→ **What to do**: Beginning with the line that includes "This incredibly finely", return every remaining line of the material exactly as it reads, but not the pictures.

→ **Supplied material**:
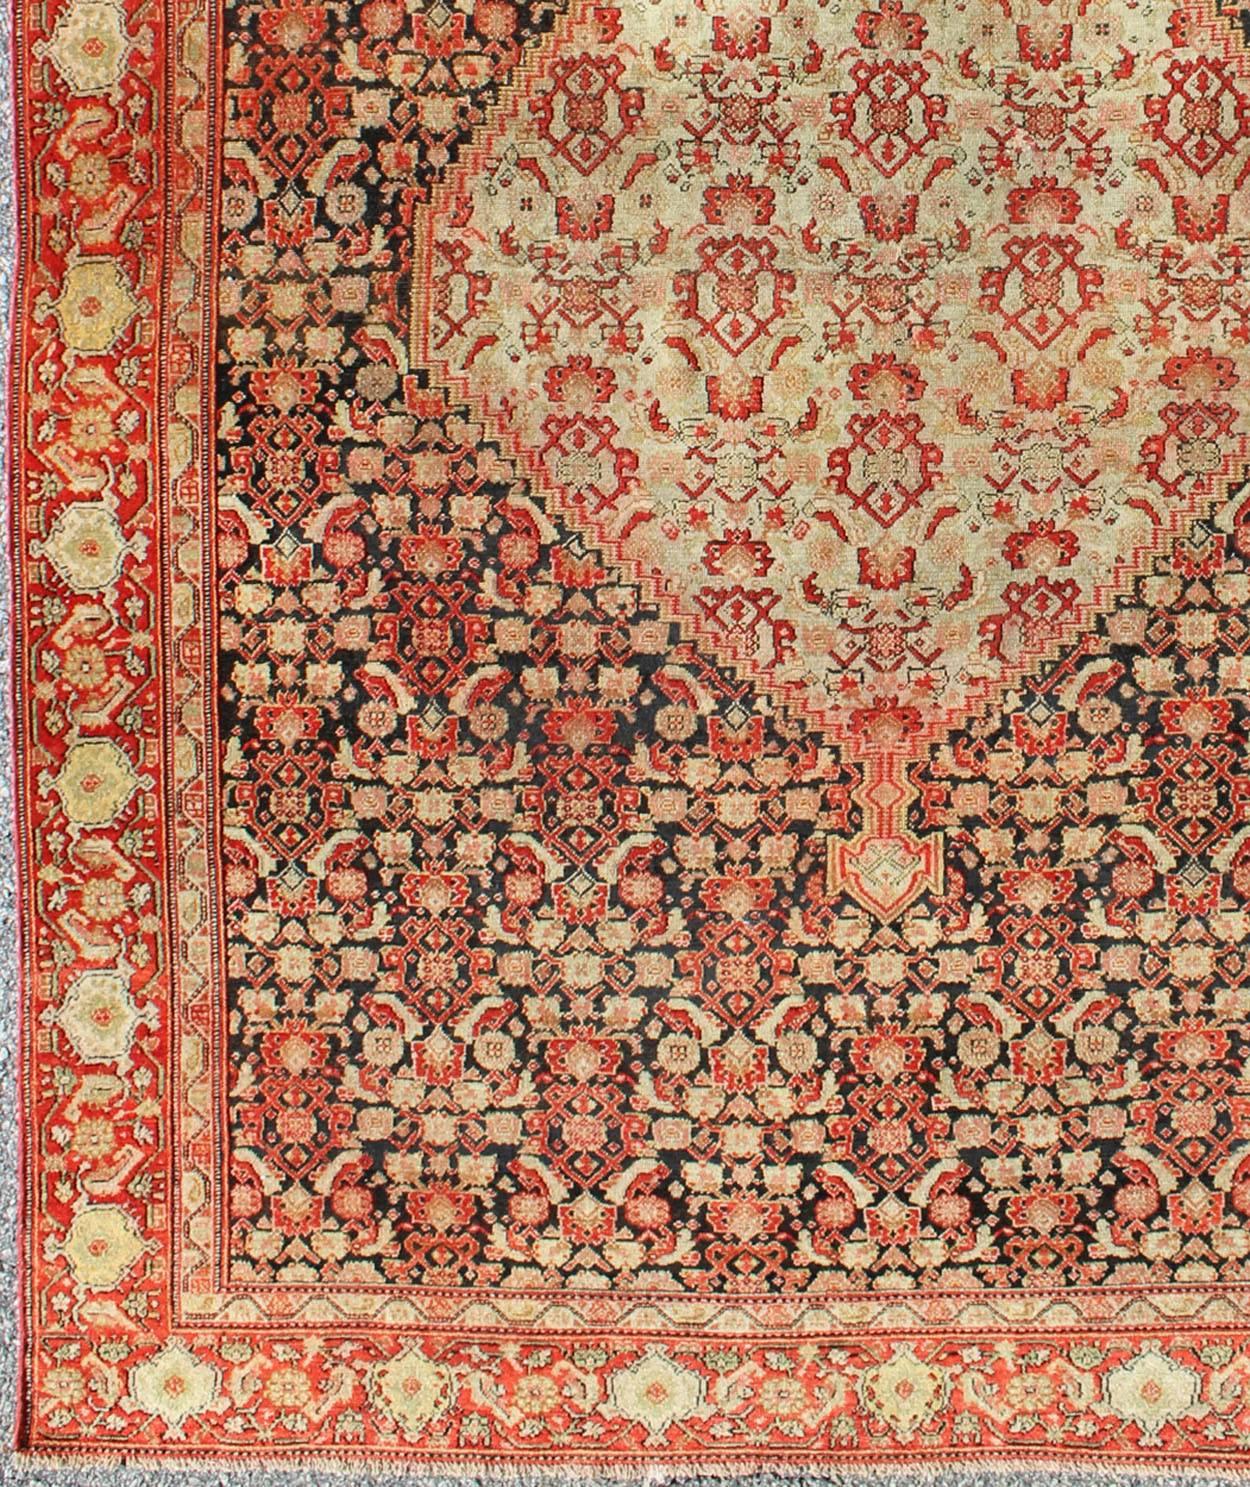 Antique Persian Senneh rug with unique medallion and all-over design, Keivan Woven Arts/ rug 16-0503, country of origin / type: Iran / Senneh, circa 1890

This incredibly finely woven antique Persian Senneh rug was handwoven around 1890 and bears
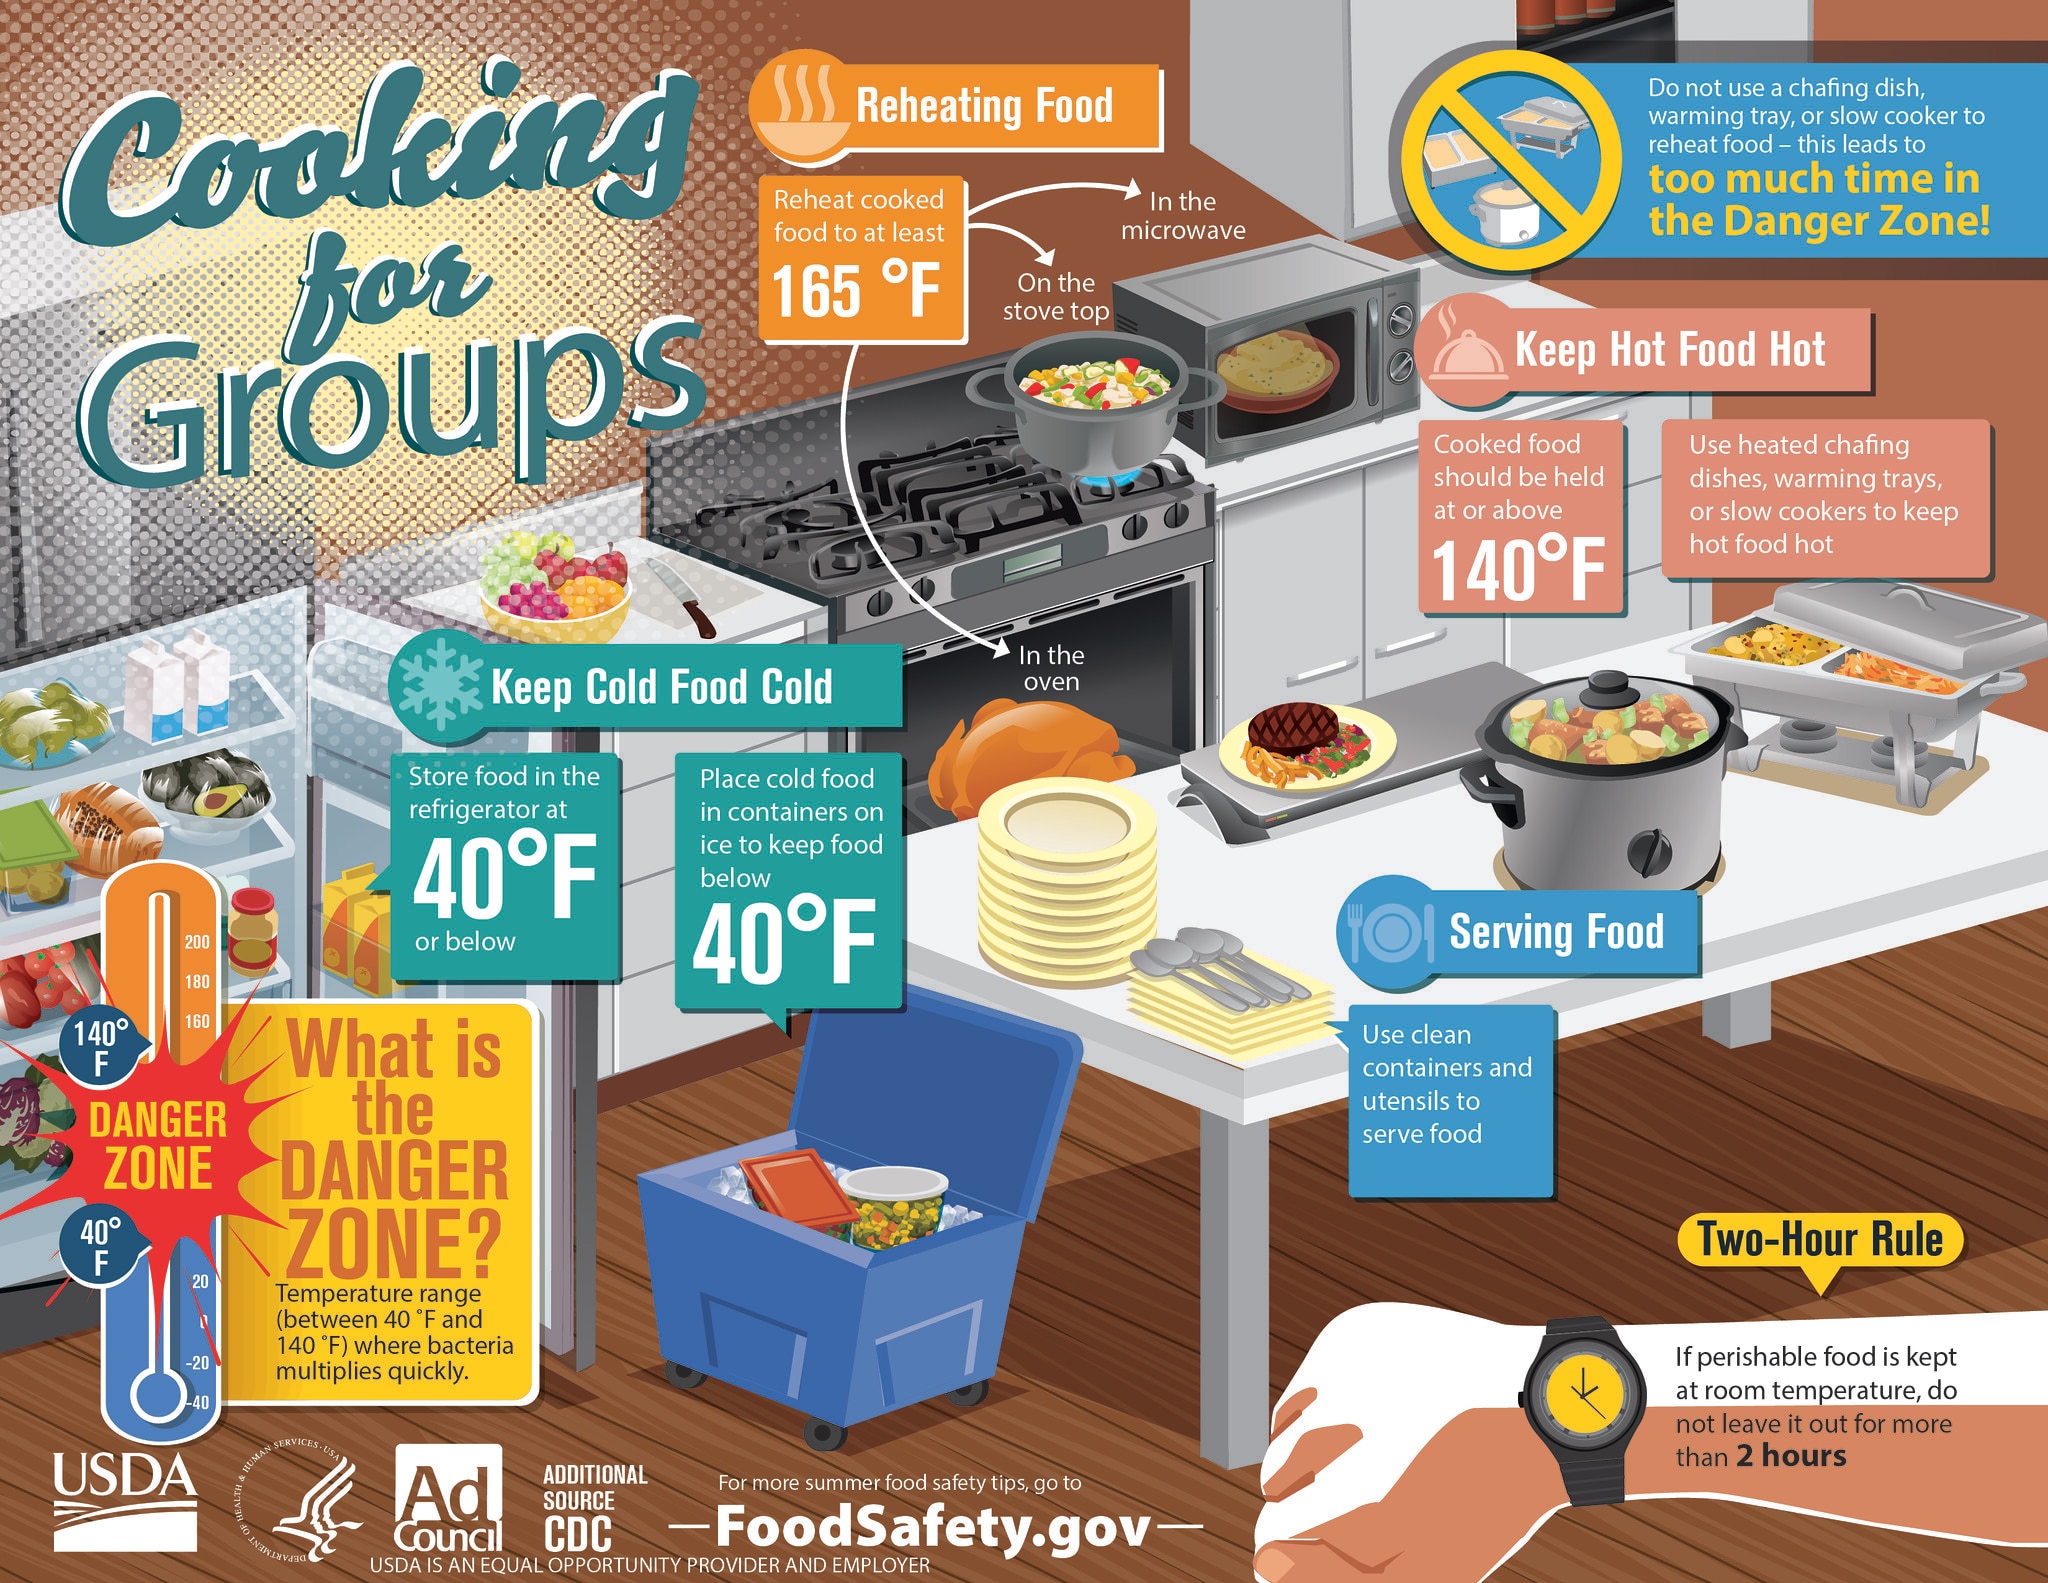 https://www.foodsafety.gov/sites/default/files/2019-05/cooking-for-large-groups-food-safety-infographic.jpg
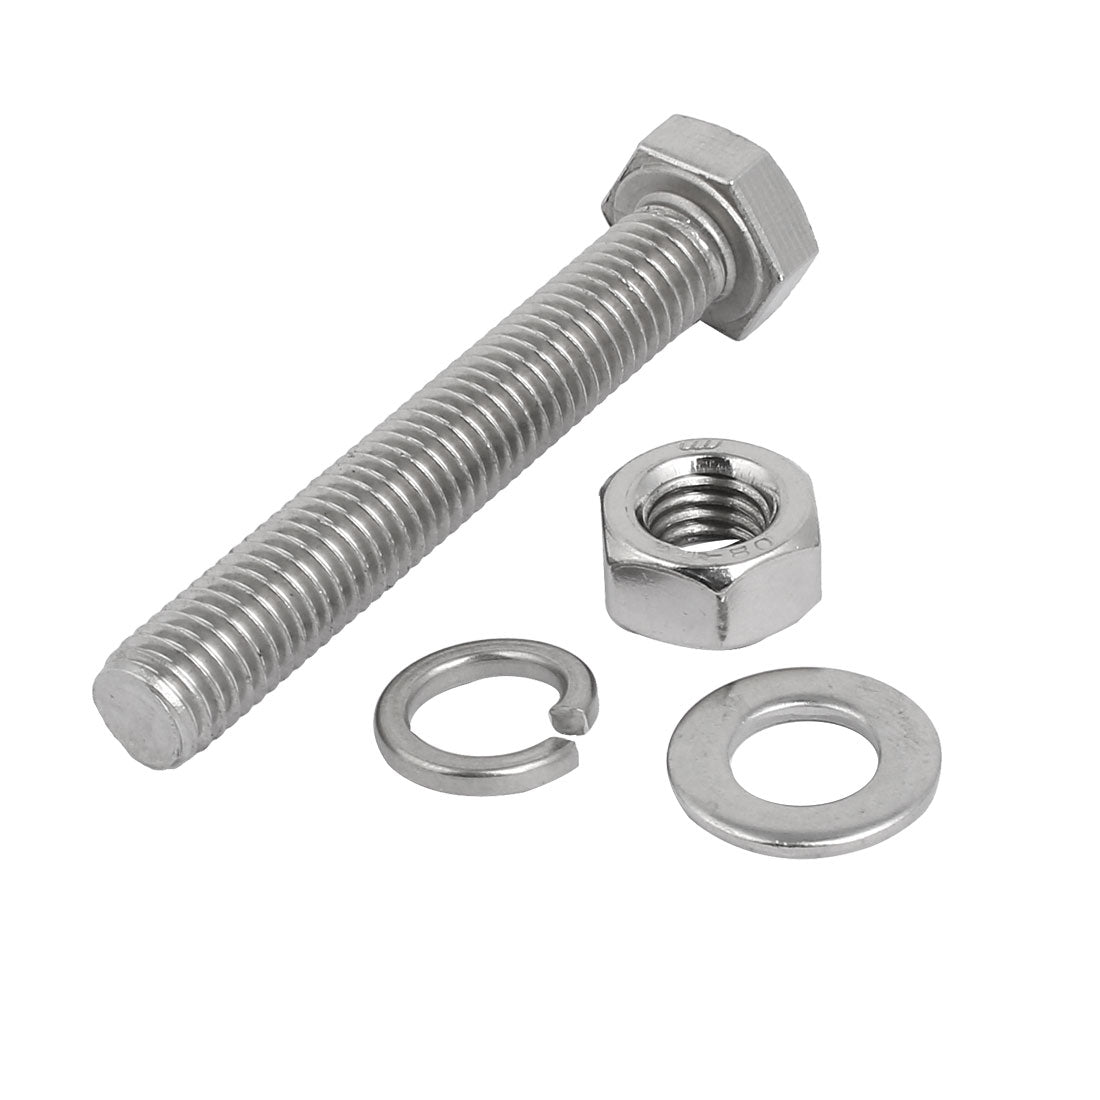 uxcell Uxcell 5 Set M10x65mm 304 Stainless Steel Hex Bolts w Nuts and Washers Assortment Kit

→ **Final answer**:
This incredibly finely woven antique Persian Senneh rug was handwoven around 1890 and bears
 https://www.foodsafety.gov/sites/default/files/2019-05/cooking-for-large-groups-food-safety-infographic.jpg
 uxcell Uxcell 5 Set M10x65mm 304 Stainless Steel Hex Bolts w Nuts and Washers Assortment Kit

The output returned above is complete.